= RAAF Bradfield Park =

Australian air station

RAAF Bradfield Park was a Royal Australian Air Force (RAAF) station located at the former suburb of Bradfield Park (now Lindfield), New South Wales during World War II.

== History of Bradfield Park ==

On 19 July 1924, the engineer Dr John Bradfield unveiled a sign-post "Bradfield" at the junction of Fiddens Wharf Road and Queens Road (Bradfield Road), West Lindfield. Ku-ring-gai Shire Council had earlier in 1924, decided to delineate 640 acres of land near the Lane Cove River for the new suburb. One of the councillors present stated:

 "...that it would be fitting to call the new suburb Bradfield so that it numbers among its citizens the designer of the bridge and in this way its pride would be permanently recorded."

Bradfield Park was originally planned as a garden suburb, but from 1940 a station was built on the grounds, to house a number of RAAF and WAAAF units. During World War II, more than 200,000 members of the RAAF and the WAAAF received training on their way to service in World War II.

After World War II the base was utilised as a migrant hostel for new arrivals in Australia and for Australian families in urgent need of accommodation due to the acute housing shortage.

The site was later cleared and reclaimed for housing. A RAAF Memorial was officially opened to commemorate the former base on 29 October 2006.

== Units based at RAAF Bradfield Park ==

=== No. 2 Initial Training School ===

No. 2 Initial Training School was formed as part of the Empire Air Training Scheme. New recruits were posted to an Initial Training School to learn the basics of military life. They were taught subjects such as mathematics, navigation and aerodynamics.

=== No. 6 Initial Training School ===

No. 6 Initial Training School was also formed as part of the Empire Air Training Scheme.

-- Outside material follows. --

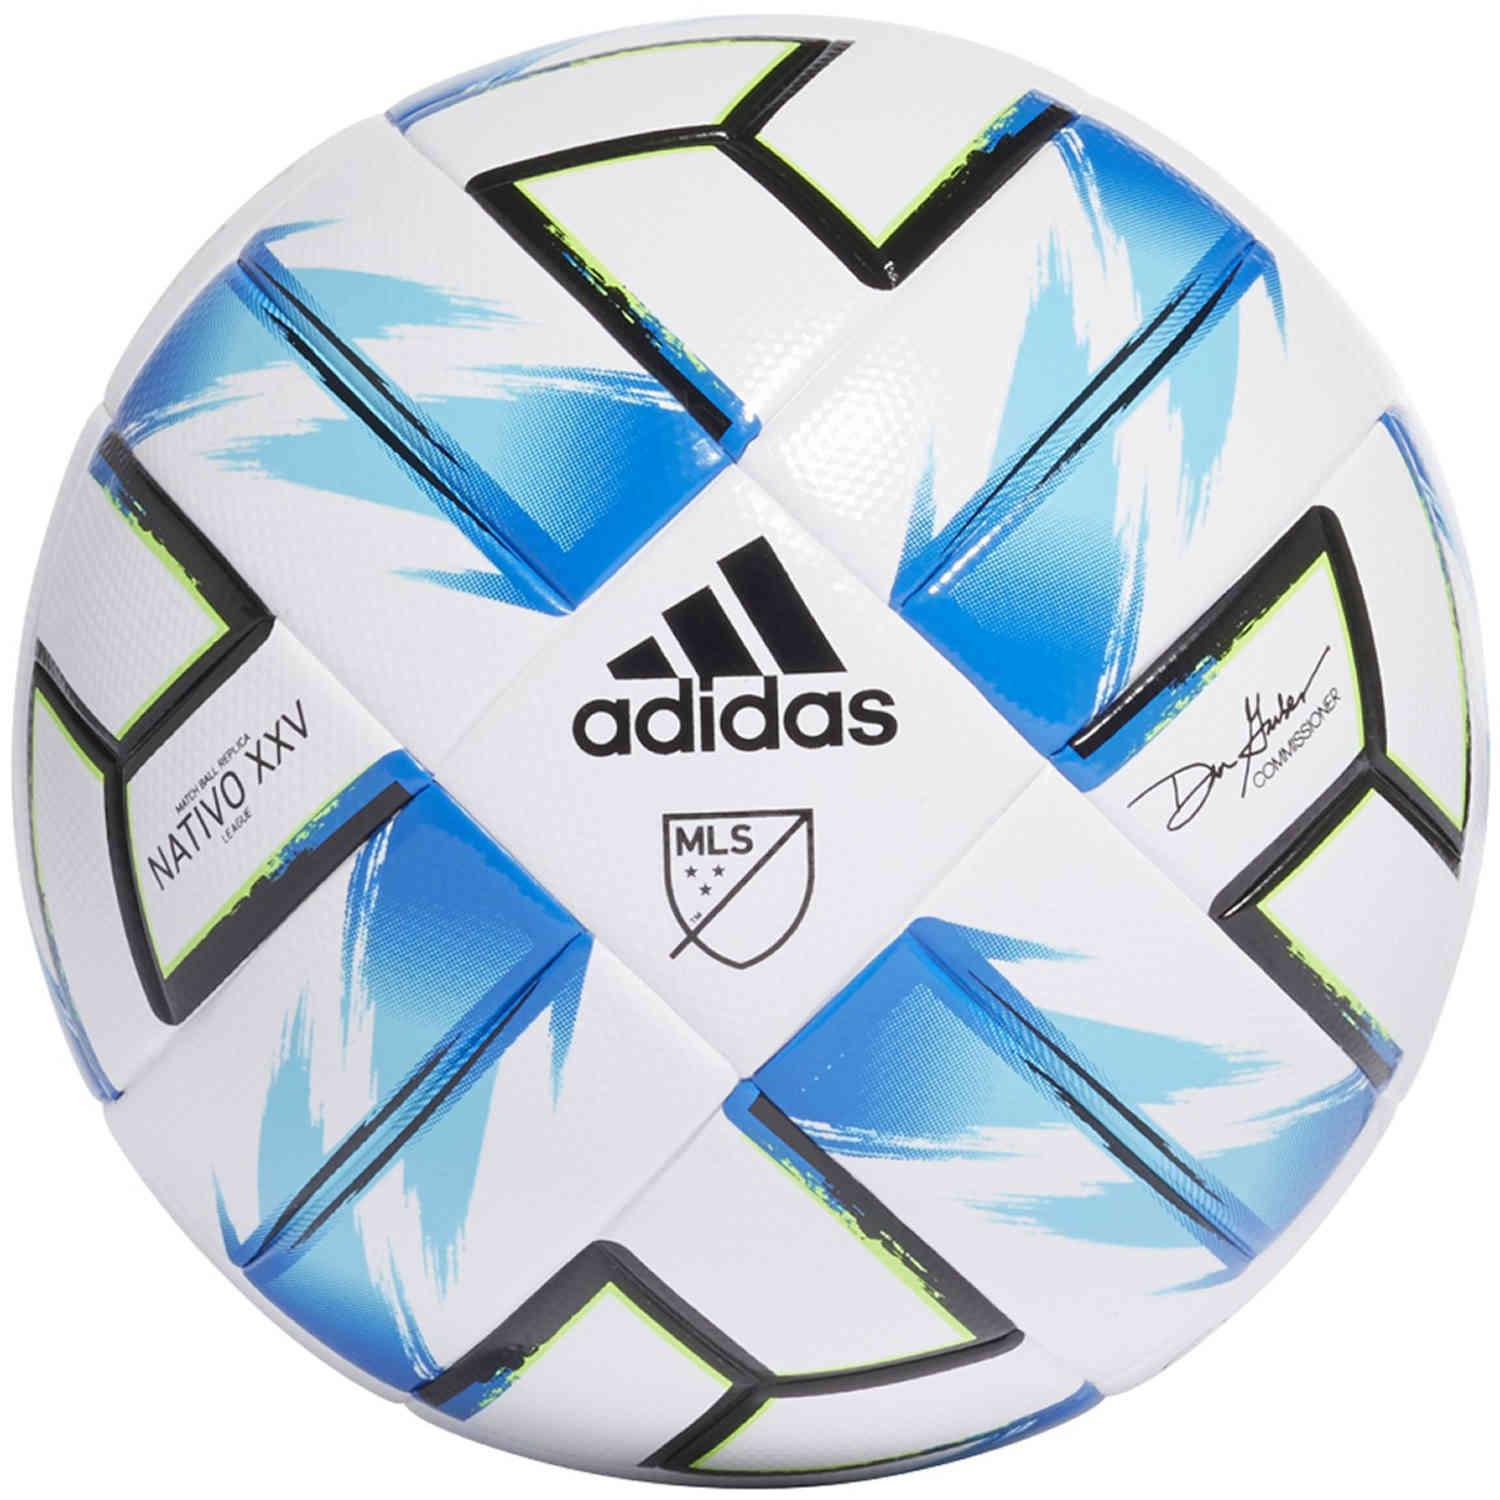 adidas 2020 soccer ball

=== No. 2 Women's Auxiliary Australian Air Force Training Depot ===

No. 2 WAAAF Training Depot was relocated to Bradfield Park as a lodger unit on 7 March 1942. It was disbanded on 18 February 1943 and its personnel incorporated into No. 5 WAAAF Training Depot.

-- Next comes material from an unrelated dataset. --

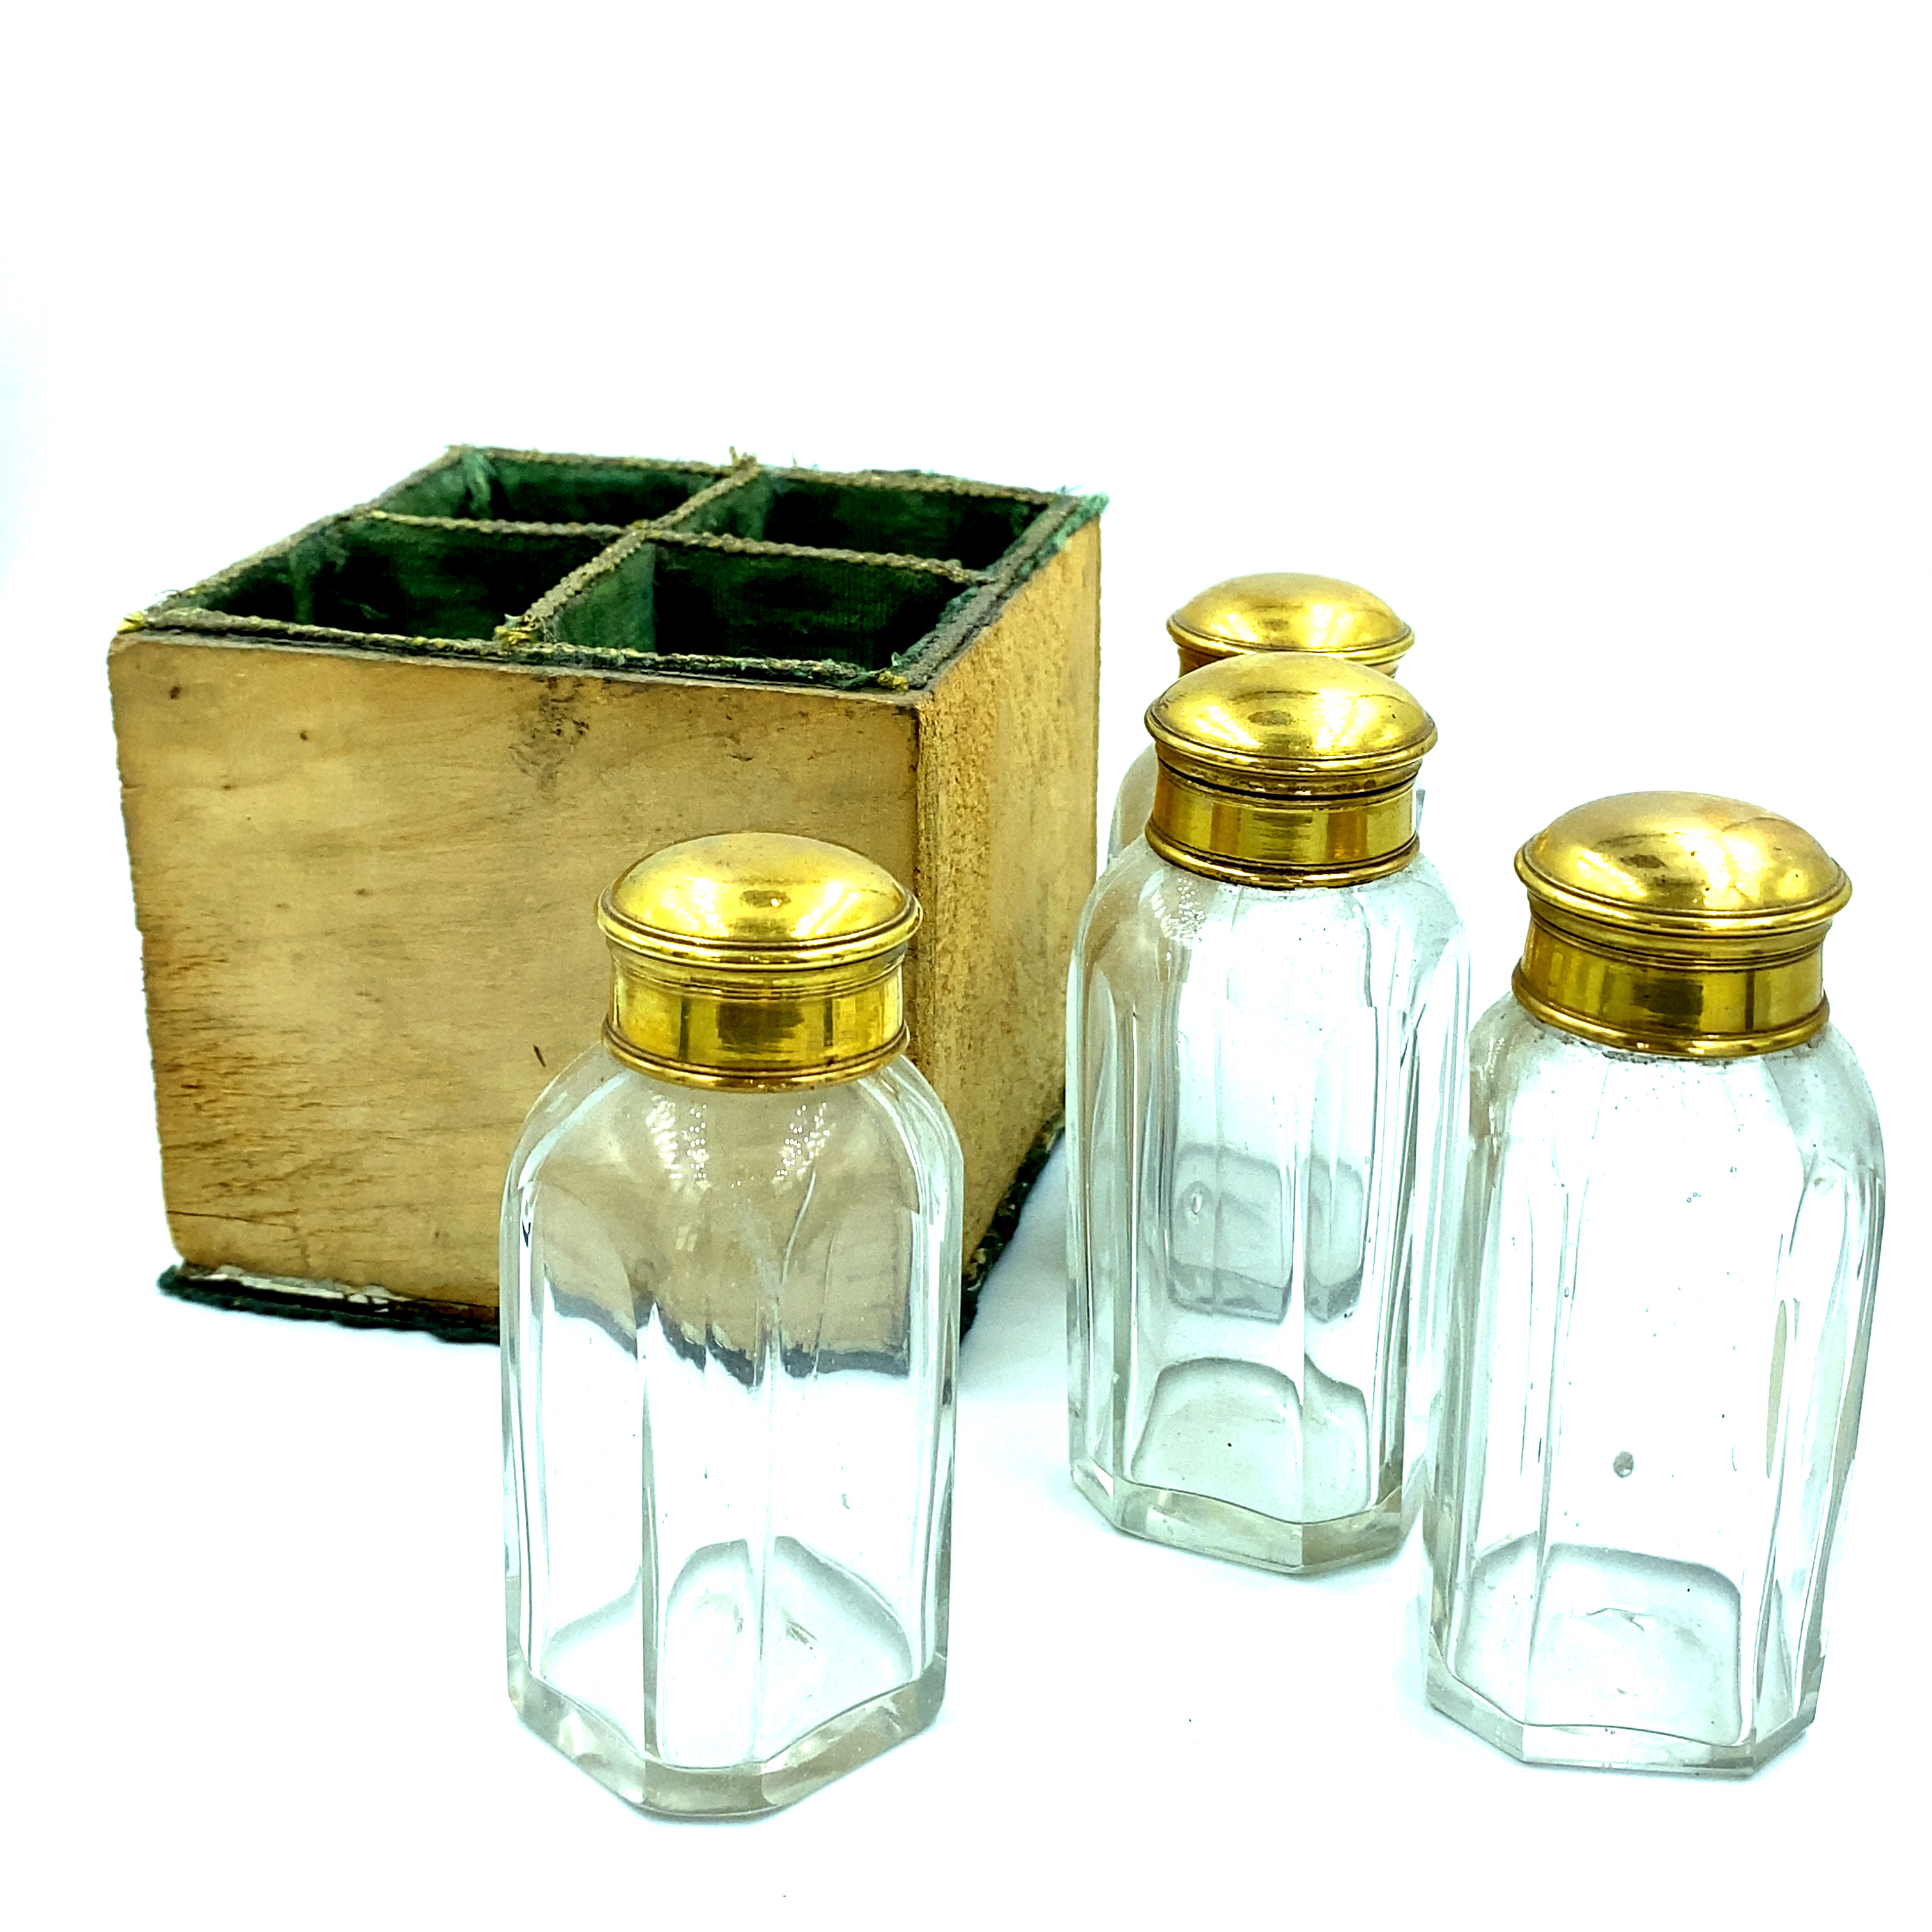 Four Perfume Bottles - Image 2 of 5

=== No. 5 Women's Auxiliary Australian Air Force Training Depot ===

No. 5 WAAAF Training Depot was formed at Bradfield Park on 4 February 1943 to provide skilled and semi-skilled signals and maintenance personnel to fulfil RAAF commitments for local defence in Australia. The unit relocated to Penrith, New South Wales on 31 July 1944.

=== No. 2 Embarkation Depot ===

At the end of their courses of training aircrew and ground staff were posted to embarkation depots, where they were appropriately kitted and given final medical examination before going to operational theatres.

=== No. 3 RAAF Hospital ===

No. 3 RAAF Hospital was transferred from RAAF Base Richmond in 1941 and was a repatriation hospital for injured aircrew and ground staff.